Golondrina, por favor, llévale el rubí de mi espada.

– Ya debería estar junto a mis compañeras sobrevolando el Nilo, pero lo haré. – Dijo la golondrina. Y al dejar el rubí junto a la costurera, sintió el calor de la satisfacción.

– Golondrina, si te quedaras una noche más conmigo, – dijo el Príncipe a la noche siguiente, – podrías llevar uno de los zafiros de mis ojos a aquel escritor que habita esa buhardilla: está hambriento y no tiene leña para calentarse, está tan débil que quizá no pueda entregar a tiempo la obra al director de teatro.

– Debería estar en Egipto, junto a las pirámides, viendo a los leones bajar a beber al Nilo, pero haré como tú deseas. Y se sintió realmente feliz al hacerlo.

Una noche más el Príncipe pidió a la golondrina que se quedara para entregar el otro zafiro de sus ojos:

– En la plaza hay una niña descalza y sin abrigo. Vende fósforos. Se le han caído en el barro y ahora no los puede vender. Su padre se enfadará si no lleva el dinero a casa.

– Príncipe, entonces, ¡te quedarás ciego! – Exclamó la golondrina, pero él asintió y ella entregó la joya a la niña, cuyos ojos se iluminaron de felicidad.

Al volver junto al Príncipe, la golondrina le anunció:

– Ahora que estás ciego, voy a quedarme a tu lado para siempre.- Pues lo cierto es que, aunque debería estar junto a sus hermanas, contemplando la Esfinge de Egipto, se había enamorado de la estatua del Príncipe.

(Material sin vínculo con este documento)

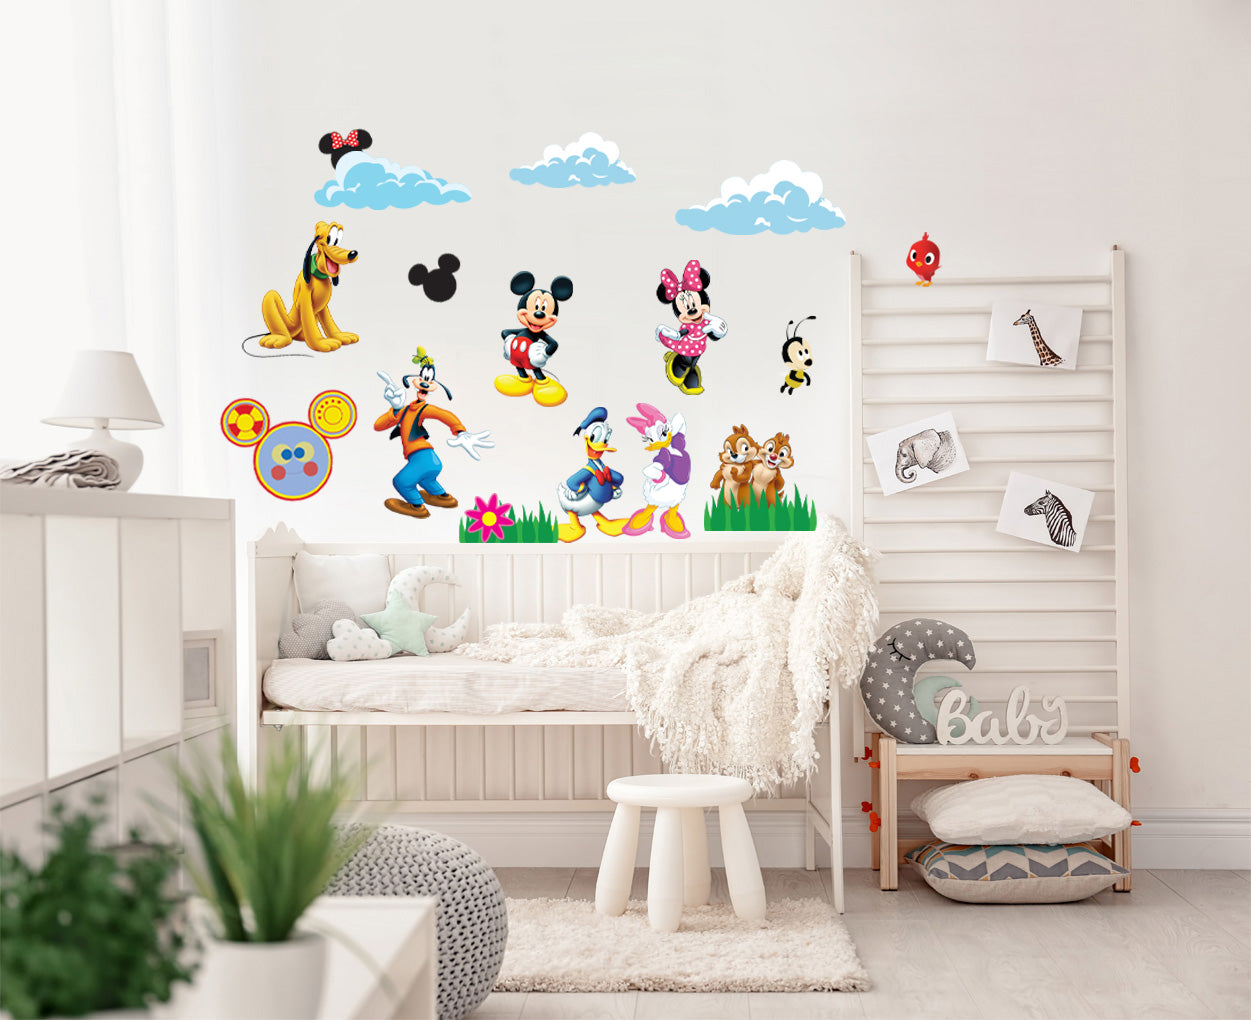 Disney Movie Wall-E Charcters Wall-E And Eve Silhouette Cute Characters  Wall-E Eve Vinyl Wall Decal Wall Sticker Wall Art Decoration Home Room  Bedroom
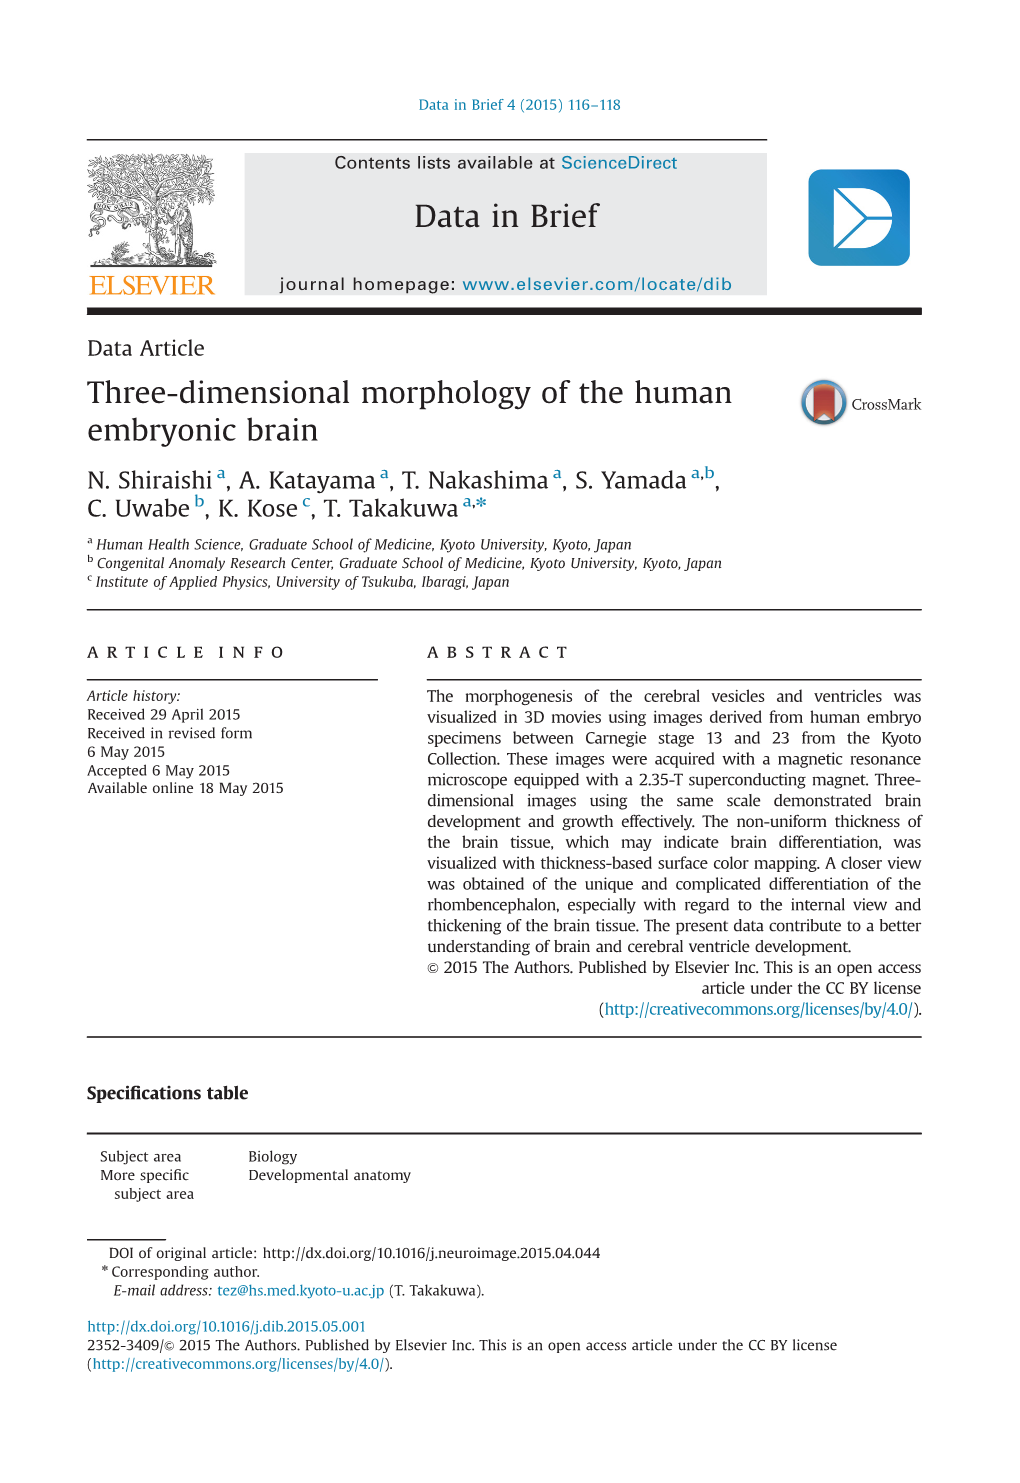 Three-Dimensional Morphology of the Human Embryonic Brain

– Entonces golondrina, si te quedas a mi lado, arranca las finas láminas de oro que recubren mi cuerpo, y repártelas entre los que tengan hambre o frío, dáselas a ellos.

– ¡Ya podremos comer! – Gritaban los pobres a los que encontraba la golondrina.

– ¡Podremos comprar leña! – Reían otros.

Pero llegaron la nieve y el hielo, las láminas de oro se agotaban y a medida que aumentaba el frío, la golondrina estaba más y más débil, ya casi no podía volar. Reuniendo todas sus fuerzas, se alzó hasta besar los labios del Príncipe, y cayó muerta a sus pies.

Al día siguiente, el alcalde y los regidores de la ciudad se sorprendieron al ver la estatua:

– Hay una golondrina muerta junto a él – Observó uno de ellos.

– Le faltan los zafiros de los ojos – Hizo notar otro.

– Ya no está el rubí que adornaba su espada – Añadió un tercero.

– Y no hay oro recubriéndole, – dijo el alcalde – realmente no tiene sentido que siga siendo una estatua. ¡Fundidlo y haced una mía! Y tirad ese pájaro muerto a la basura.

En la fundición, el encargado estaba sorprendido:

– Qué raro: por más que aumento la temperatura, el corazón de la estatua no se funde. – Y lo tiró a la basura, junto al cuerpo inerte de la golondrina.

En el cielo, cuando Dios encargó a un ángel que le trajera de la tierra las dos cosas más bellas que encontrara, éste regresó con el corazón del Príncipe Feliz y el cuerpo de la golondrina.